23. Mama

2.5K 279 57
                                    

Sejak beberapa jam yang lalu Altarel hanya diam. Menatap hamparan kelap-kelip bintang yang tampak sangat indah malam ini.

Bibirnya perlahan terangkat membentuk seulas garis senyum. Senyuman tulus yang tak pernah ia tunjukkan kepada siapapun sebelumnya.

Tenang dan damai. Itulah yang Altarel rasakan sekarang ini. Perasaan lega sekaligus juga hampa. Tidak seperti hari-hari biasanya. Altarel mulai merasa hidupnya terasa lebih berarti. Belakangan ini ia merasa hal baik akan segera datang kepadanya.

"Mama, Prince rindu..."

Bergumam pelan. Matanya tak pernah lepas dari sang bintang diatas sana. Rasa rindu yang begitu menyesakkan dada. Rasa rindu yang amat sangat untuk sang bunda yang tengah terbaring dirumah sakit sana. Ibunya. Wanita yang telah melahirkannya kedunia.

"Rel..."

Altarel mengusap sepercik air mata yang hampir keluar dari sudut matanya. Astaga, saking rindunya dengan Mama, Altarel sampai tak sadar jika dia baru saja menangis.

"Ngapain disini? Gak dingin?" tanya Jelita yang sekarang sudah berdiri disampingnya, "Tunggu dulu! Kamu nangis, ya? Siapa yang nyakitin kamu? Sini bilang sama aku."

Lucu sekali. Altarel yang mendengar itu lantas langsung tertawa. Ada-ada saja tunangannya ini.

Memang semenjak kejadian waktu itu, Altarel dan Jelita semakin terbuka satu sama lain. Jelita juga sudah mulai menerimanya. Tidak ada keterpaksaan lagi disini. Bahkan, mereka berdua tak ragu lagi untuk saling menunjukkan kemesraan mereka didepan umum.

"Sama siapa kesini?" Altarel bertanya sambil menatap Jelita dalam.

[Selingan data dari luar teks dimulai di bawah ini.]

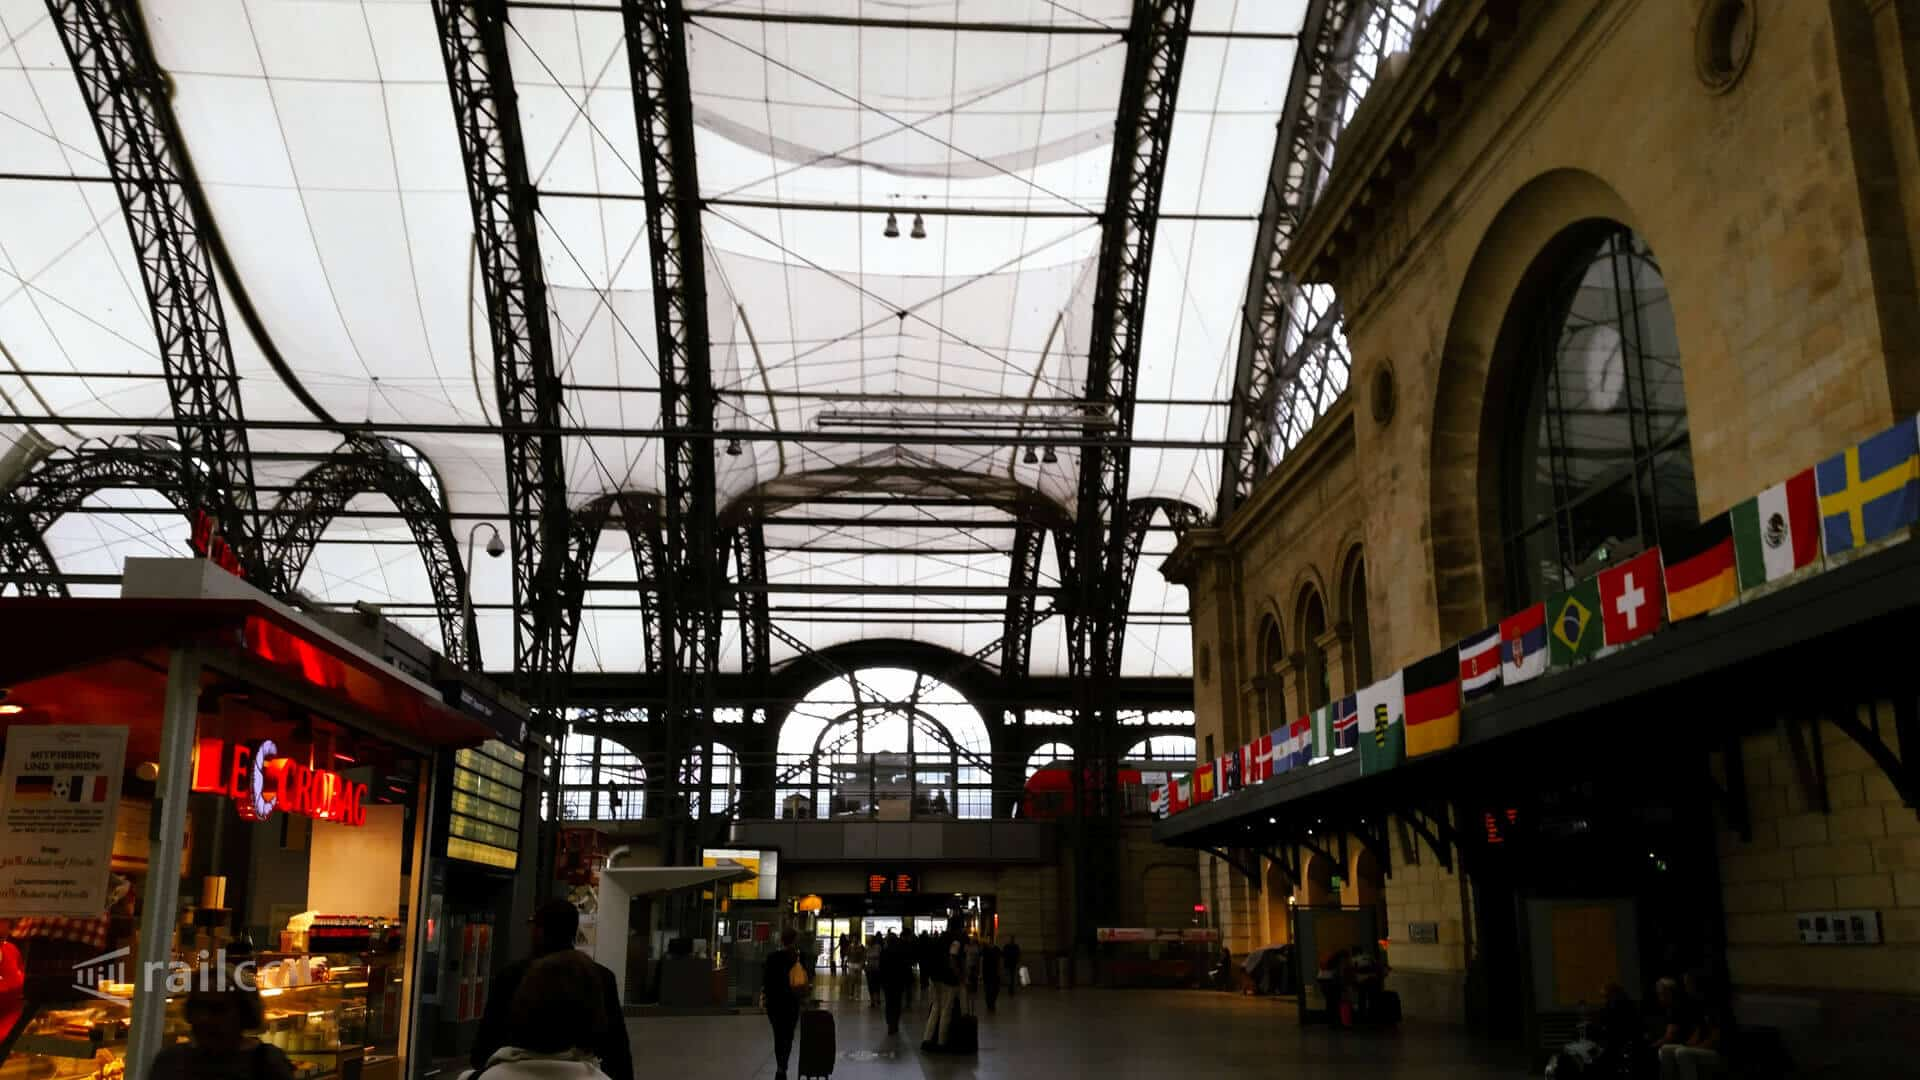 Wieder daheim: Mein Heimatbahnhof Dresden

"Sama Sastra. Dia ngajakin aku kesini buat bahas soal penyerangan yang menimpa Arkana dan Hazel waktu itu, sama anak-anak The Daz's yang lain," jelas Jelita. Benar. Mereka kini tengah berada di dalam markas besar Dangerioz. Sastra yang mengajak Jelita kemari lantaran Regal dan Biru meminta mereka untuk datang guna mengorek informasi lebih dalam tentang siapa dalang dari penyerangan Arkana-Hazel hari itu.

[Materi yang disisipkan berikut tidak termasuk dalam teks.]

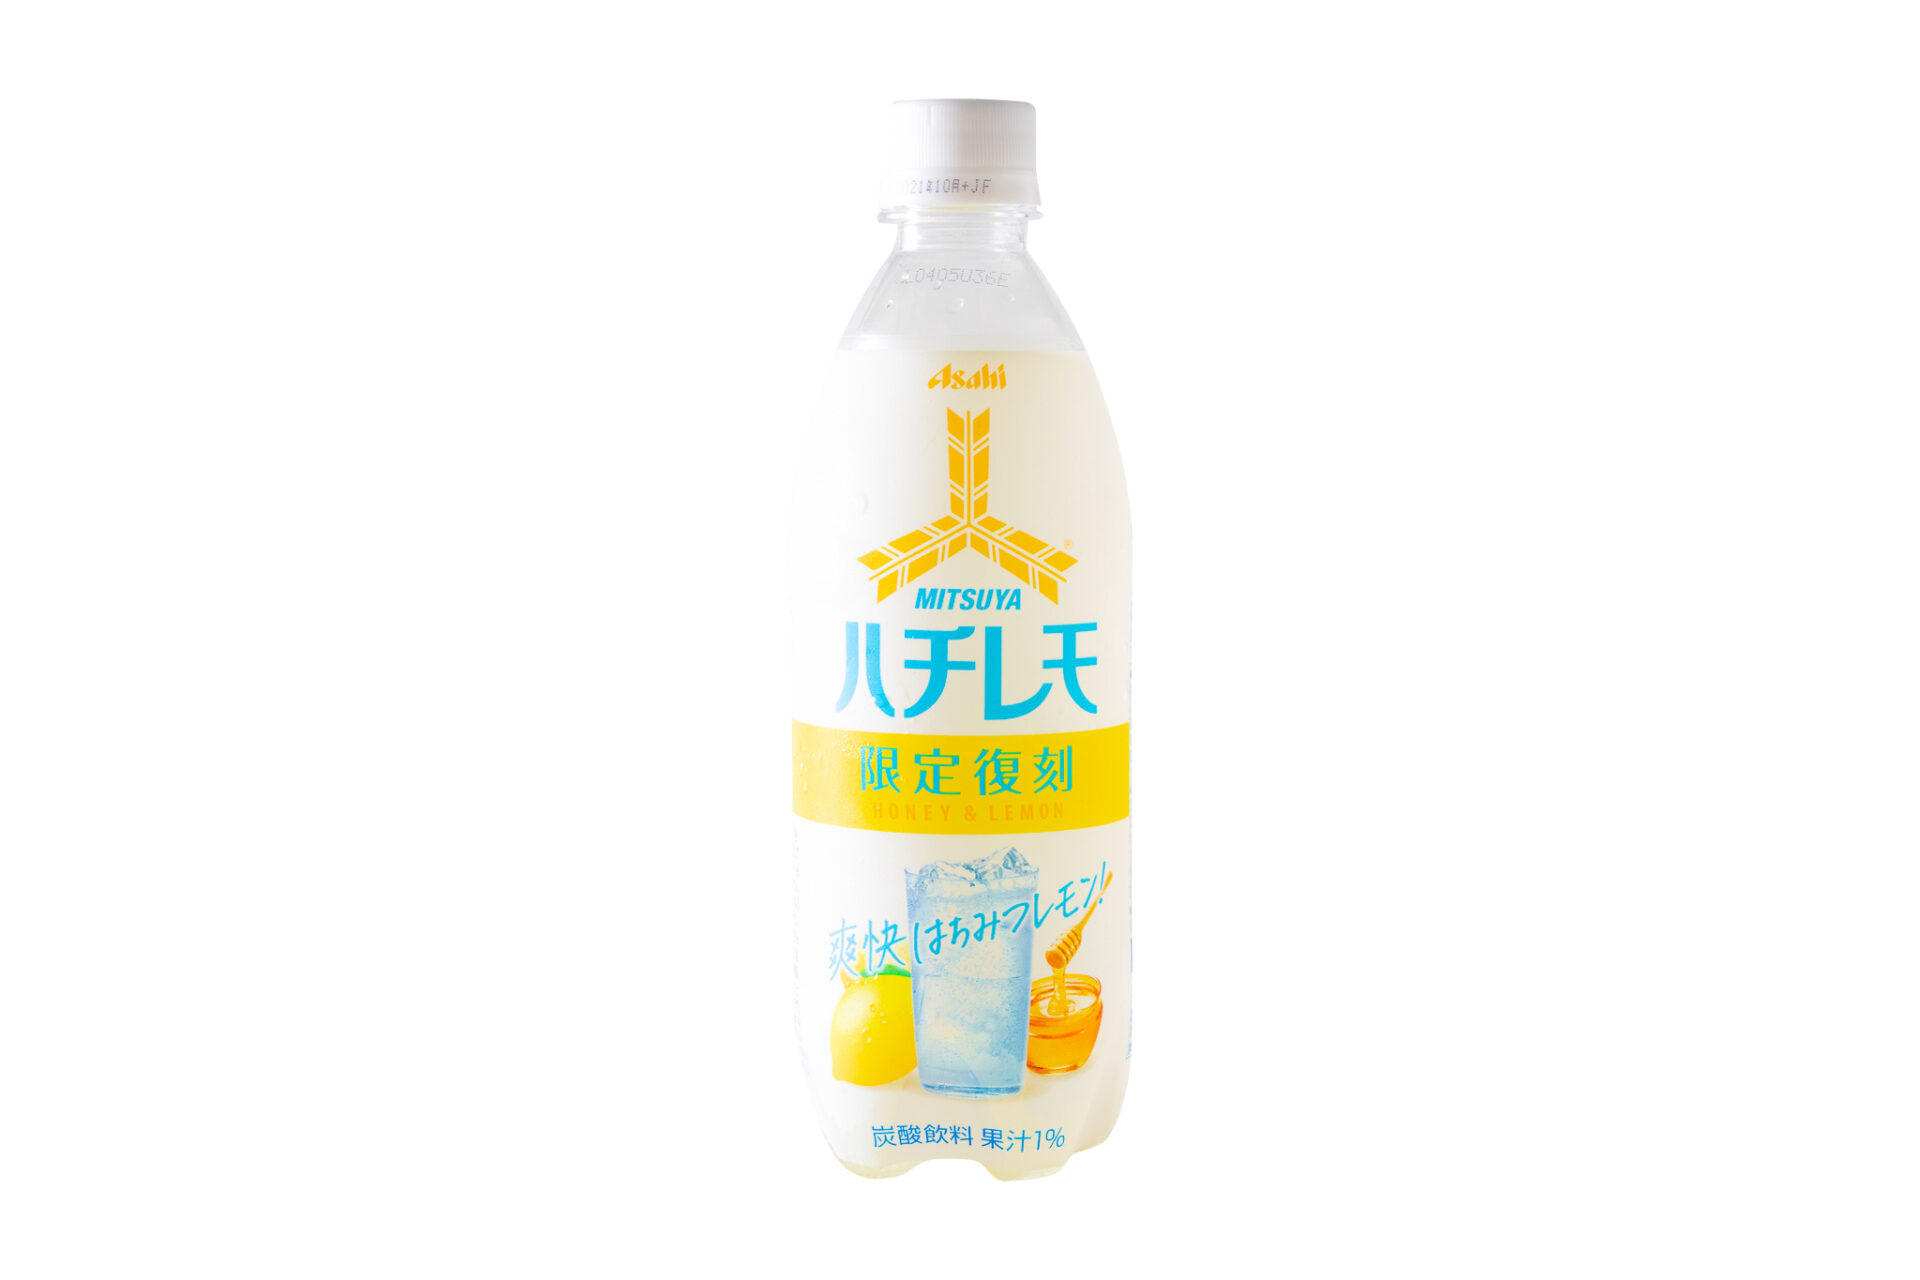 アサヒ飲料『「三ツ矢」ハチレモ PET500ml』

Altarel menganggukkan kepalanya mengerti, "Kenapa gak bilang sama aku kalau mau kesini? Biar aku bisa sekalian jemput kamu." Jelita meringis. Mendengar Altarel berbicara kepadanya dengan embel-embel 'Aku-Kamu' membuat hatinya menjadi tidak karuan. Karena biasanya jika tidak dengan bahasa kasar ya dengan umpatan-umpatan menjijikan Jelita memanggil laki-laki itu.

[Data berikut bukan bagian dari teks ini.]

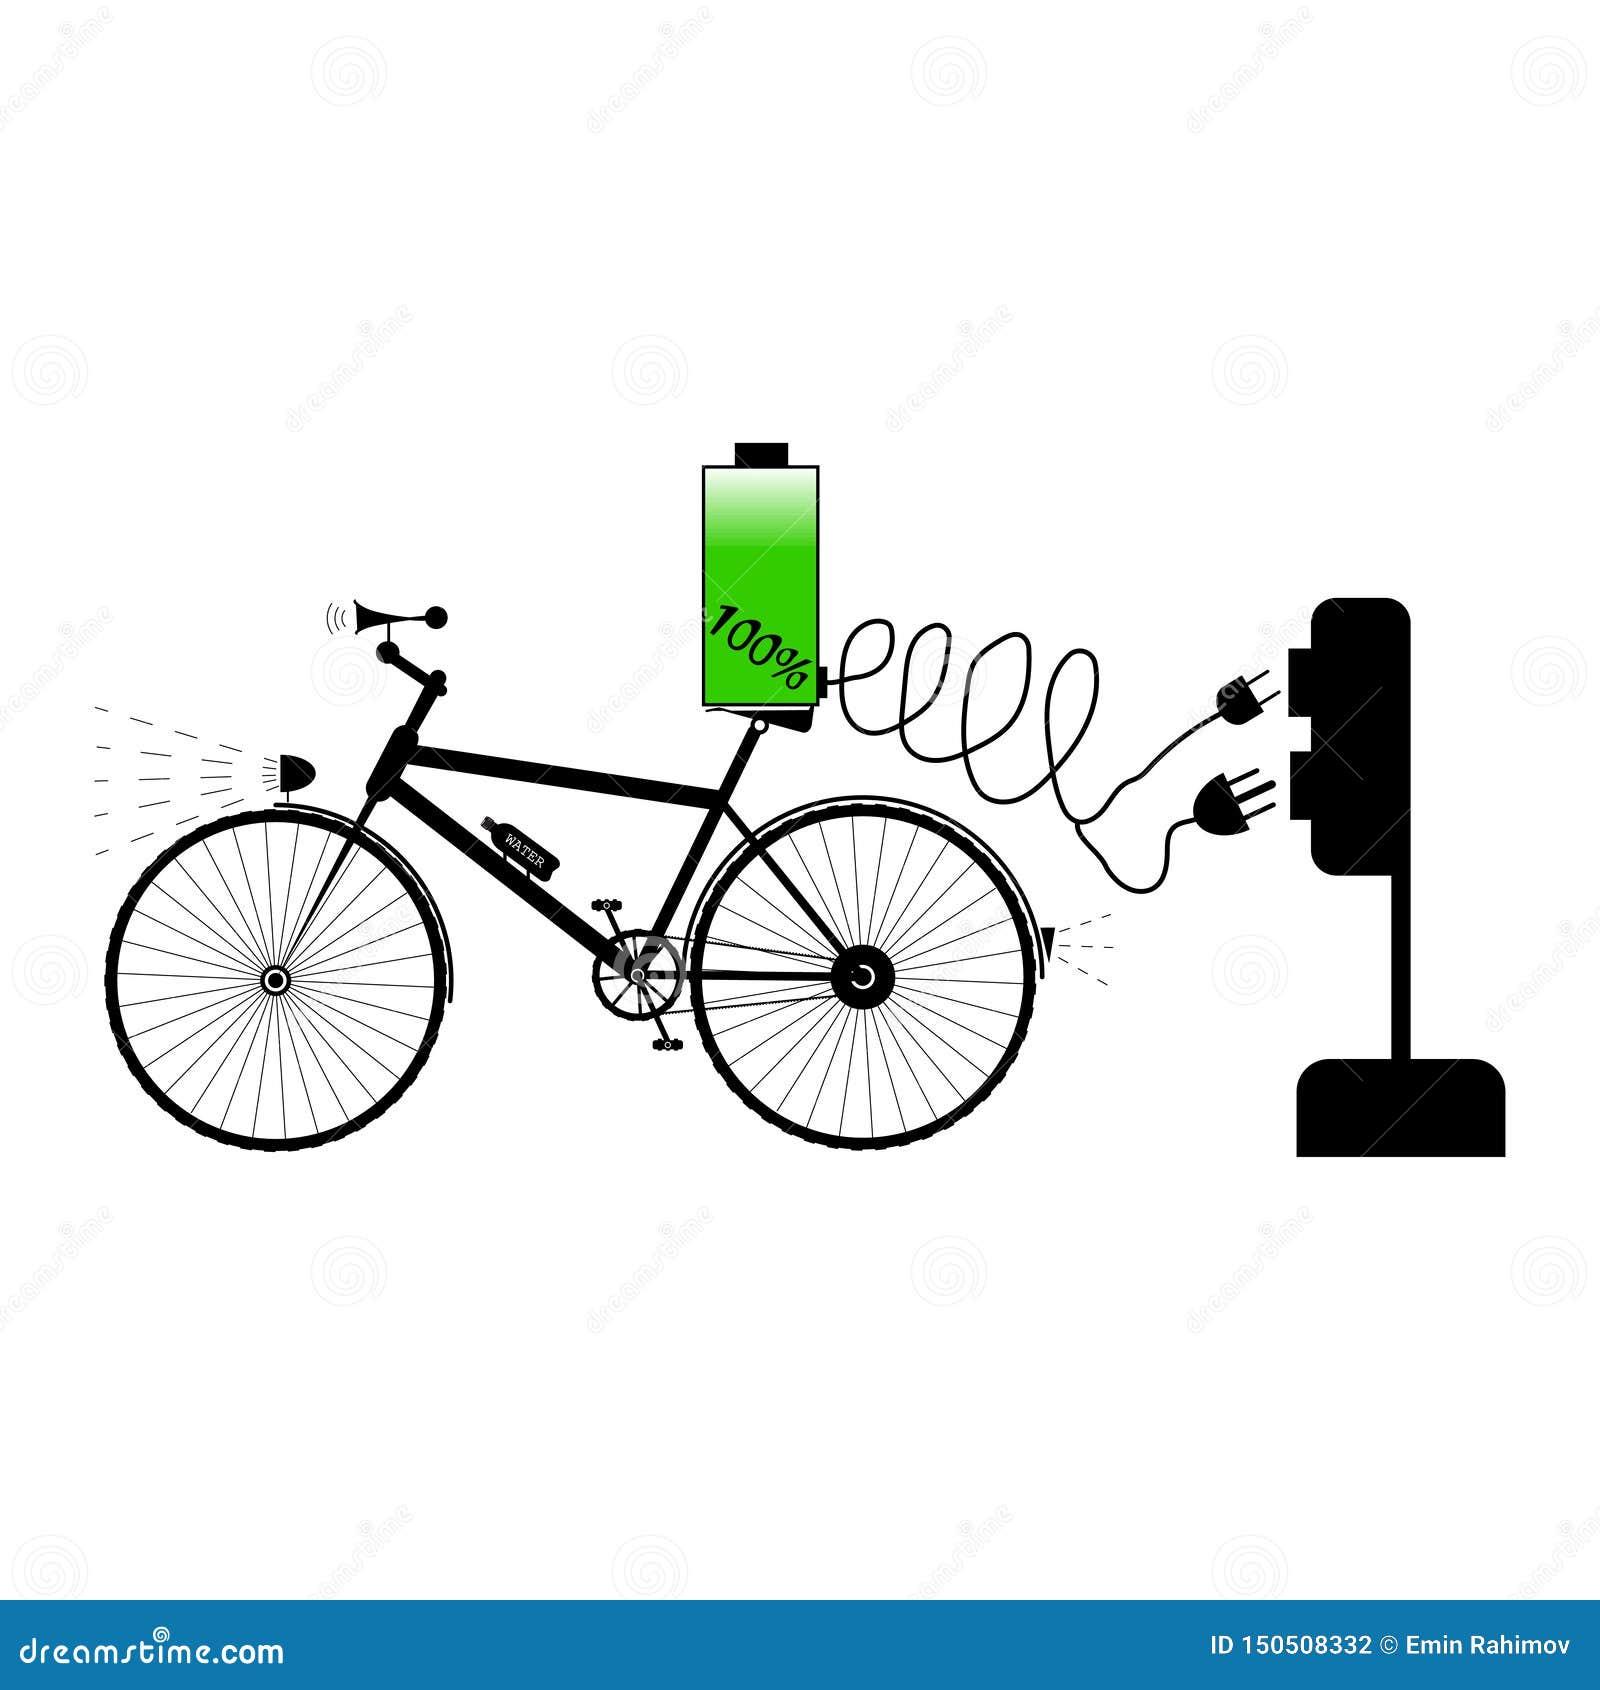 Czarny bicykl z dwa prymki i wyposażenia typem różna elektryczna ładowarka - wektorowa ilustracja

Seperti yang kita tau sejak dulu Jelita sangat membenci kehadiran Altarel dihidupnya.

"Sengaja hehe. Lagian 'kan perginya sama Sastra bukan sama cowok lain," balas Jelita dengan senyum manis.

Altarel terkekeh pelan, "Awas aja kalau kamu berani pergi sama cowok lain. Apalagi sama Arsen teman sekelasmu itu. Aku kurung beneran kamu!" gertaknya. Jelita tertawa renyah. Altarel memang sudah lebih baik dari sebelumnya. Tetapi sifat posesifnya masih tetap sama hingga sekarang.

"Oh, iya. Kamu tadi kenapa? Kok nangis. Kangen sama Mama, ya?" Dugaan dan tepat sasaran Jelita bertanya dengan hati-hati. Tau betul jika menyangkut soal 'Mama' Altarel akan sangat sensitive. Cowok itu tidak ingin orang-orang tau apa yang telah dialaminya.

Jelita tentu tau semua itu, karena sedari kecil mereka sudah dijodohkan. Bahkan, sebelum Ibunda dari Altarel koma. Ya, bisa dibilang Jelita juga merupakan salah satu orang yang menyaksikan dengan mata kepala sendiri bagaimana runtuhnya keluarga Danadyaksa pada masa itu.

Dulu mungkin Jelita tidak ingin peduli dan terlihat acuh. Namun, sekarang situasinya sudah berbeda. Jelita mulai peduli dan membuka hati untuk tunangannya, Altarel.

"Enggak."

"Bohong banget."

"Gak apa-apa Jelita. Aku tadi cuma kelilipan aja. Emang pernah kamu lihat aku nangis? Enggak 'kan," kata Altarel sambil mencubit pipi Jelita gemas mencoba meyakinkan gadis itu.